The other counter is there are 26 operators of the F-16. Frankly it would be
easier both in practice and legality to get cooperation from some dude in
Pakistan or Venezuela than a US citizen who can at least sorta be watched
over.

Most of the tactics are not terribly advanced in the sense of some mysterious
secret martial arts kick that defeats all. Most of the time battles are won
logistically long before the fighting starts. Everyone in the business kinda
knows what F16s do, not any more of a secret than knowing what Mig29s do, the
struggle is always having enough resources in the right places at the right
times to do anything about it.

Something that often surprises civilians is most US military manuals are
freeware and have always been that way.
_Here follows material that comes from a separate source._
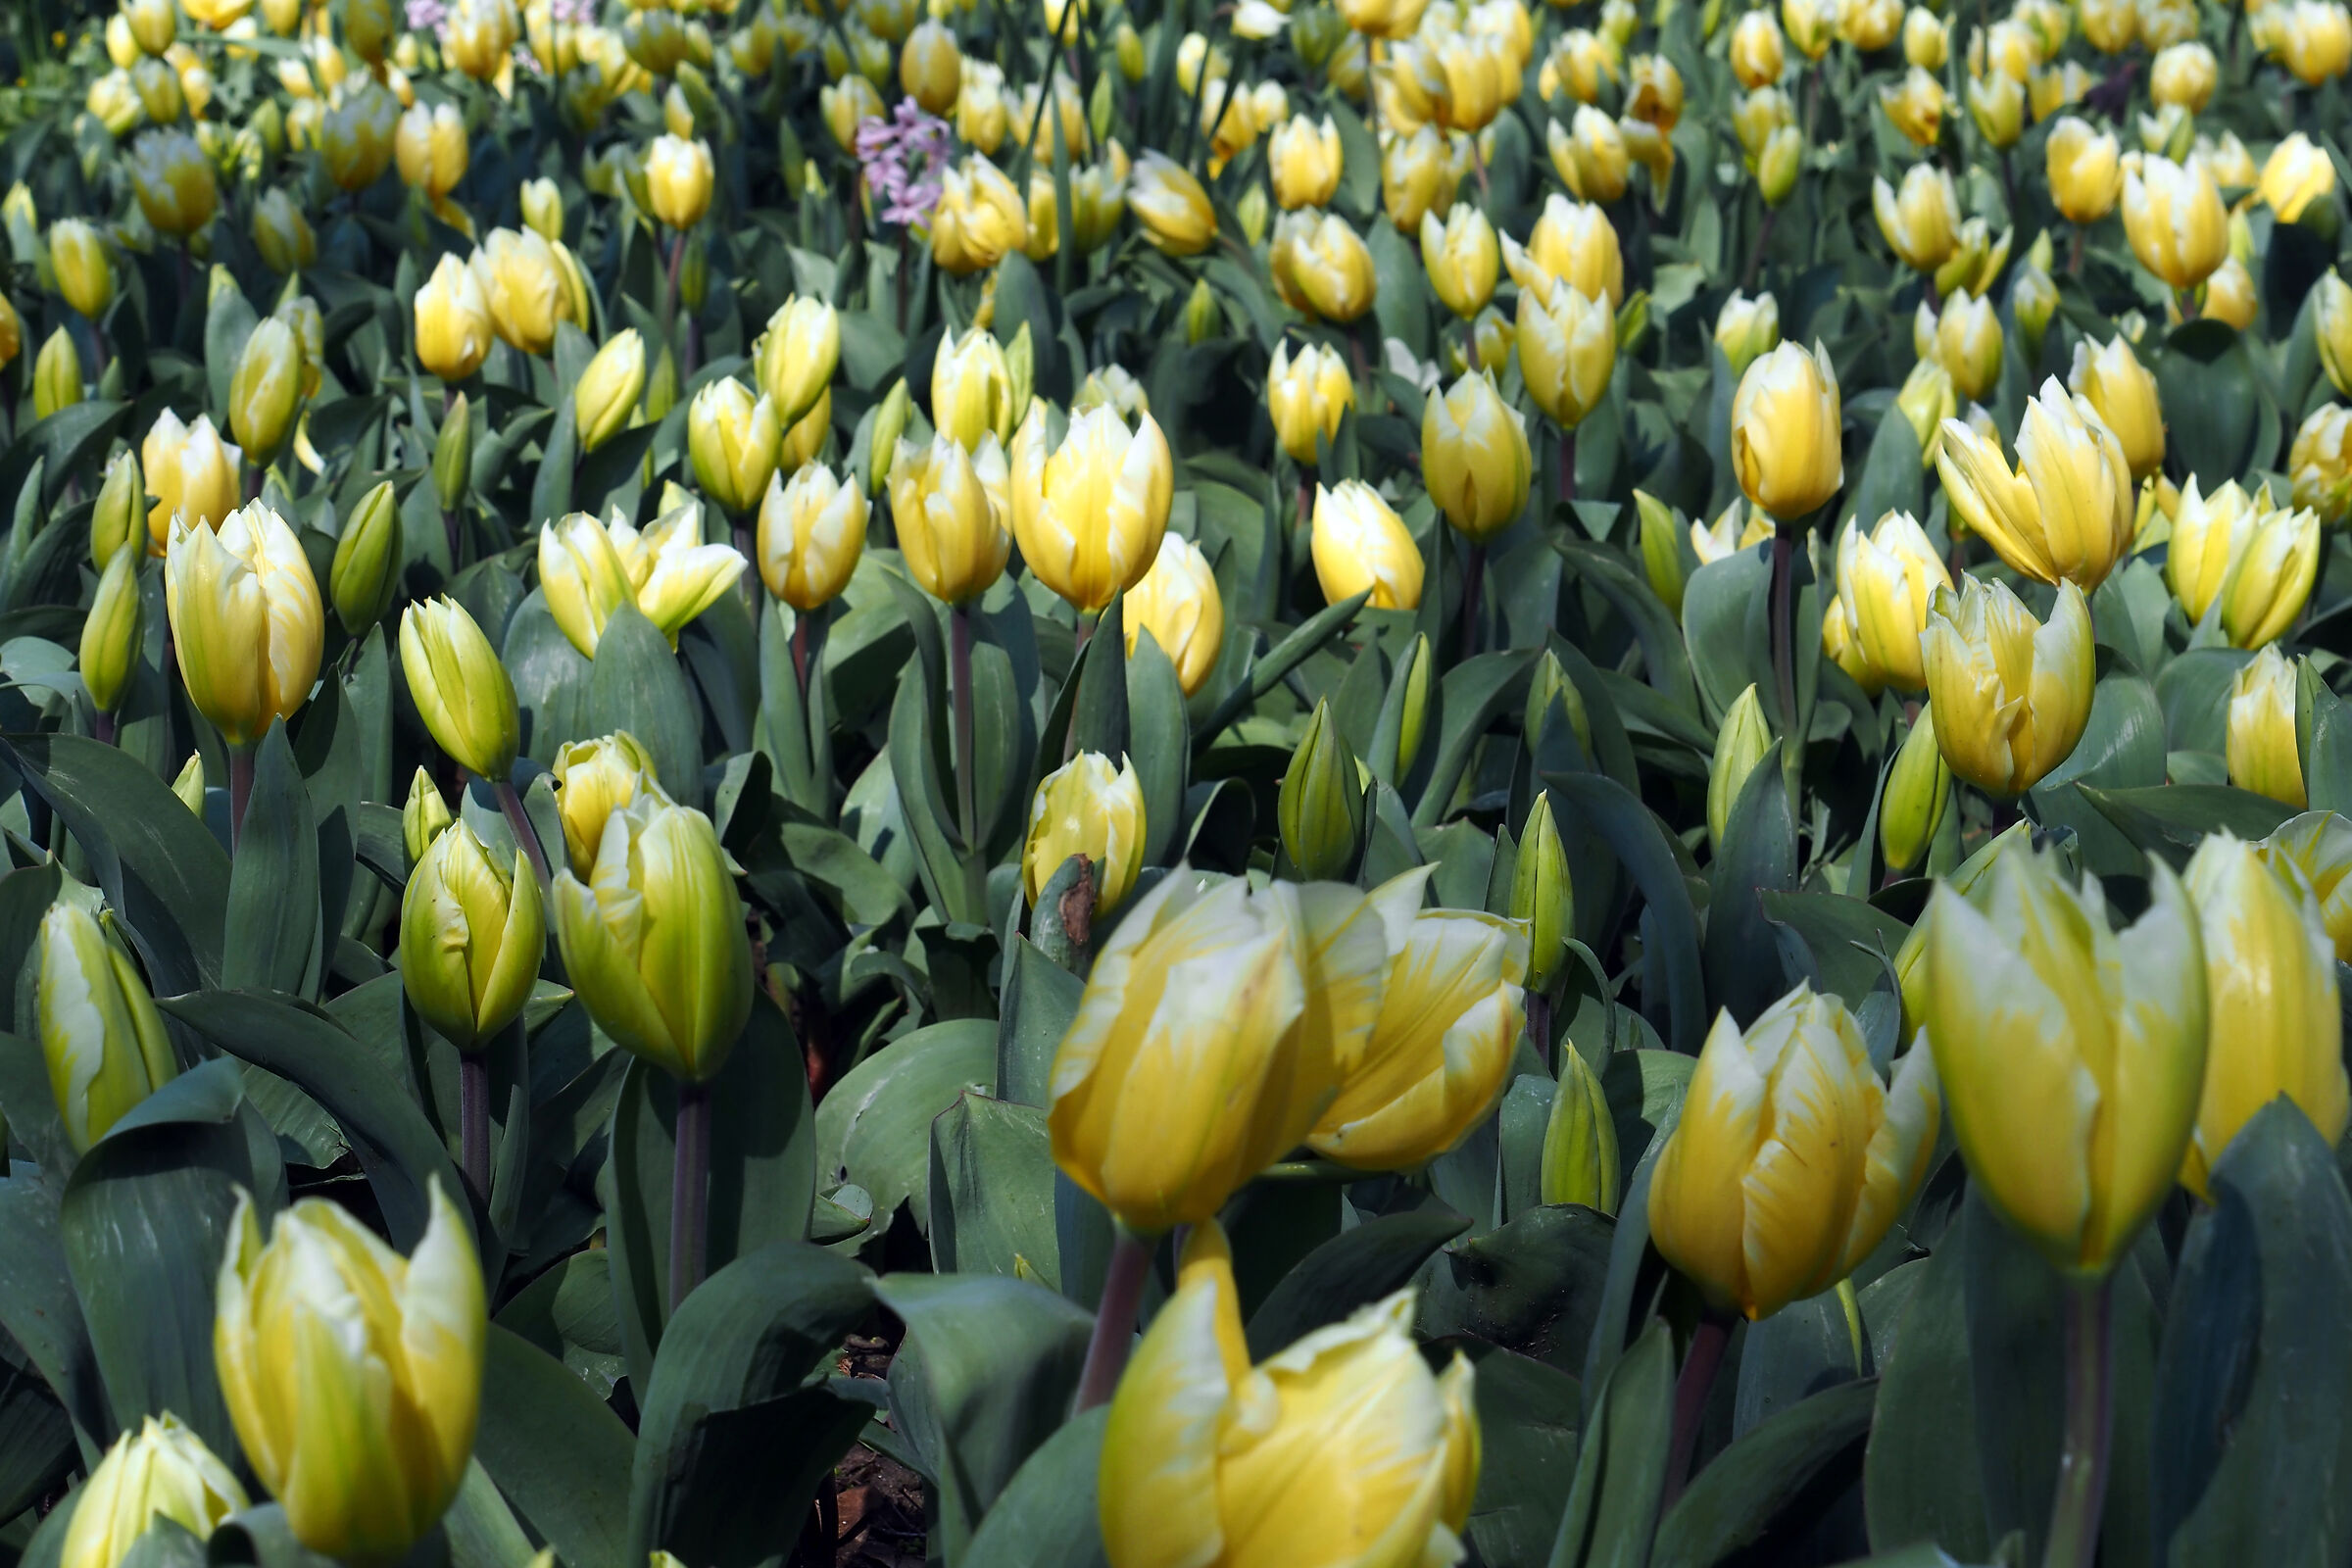 The tulips of Pralormo...

If you want to learn how an Army
Brigade Combat Team operates, you don't join the KGB and steal documents, you
just download FM 3-96 and read it. This is why actual veterans get annoyed
about fictional hollywood military stuff; if you don't understand the role of
a BCT's information operations officer sufficient to portray one in a movie,
its just sheer lazyness to make something up instead of simply reading the FM.

Its all part of the interesting strategy to handling massive public
communications networks; half a century ago you could have an edge if it
depended on having a secret sauce. Now that anyone with a web browser can
download the official F-16 flight manual your strategy for having an edge
relies on other forms of secret sauces.

A good analogy for the problem is that excellent world class scientific
documentation exists for weight loss and athletic performance, yet most people
will not train in those areas. Olympic athletes are not high performers
because the textbooks for weight lifting are kept secret and only for their
reading.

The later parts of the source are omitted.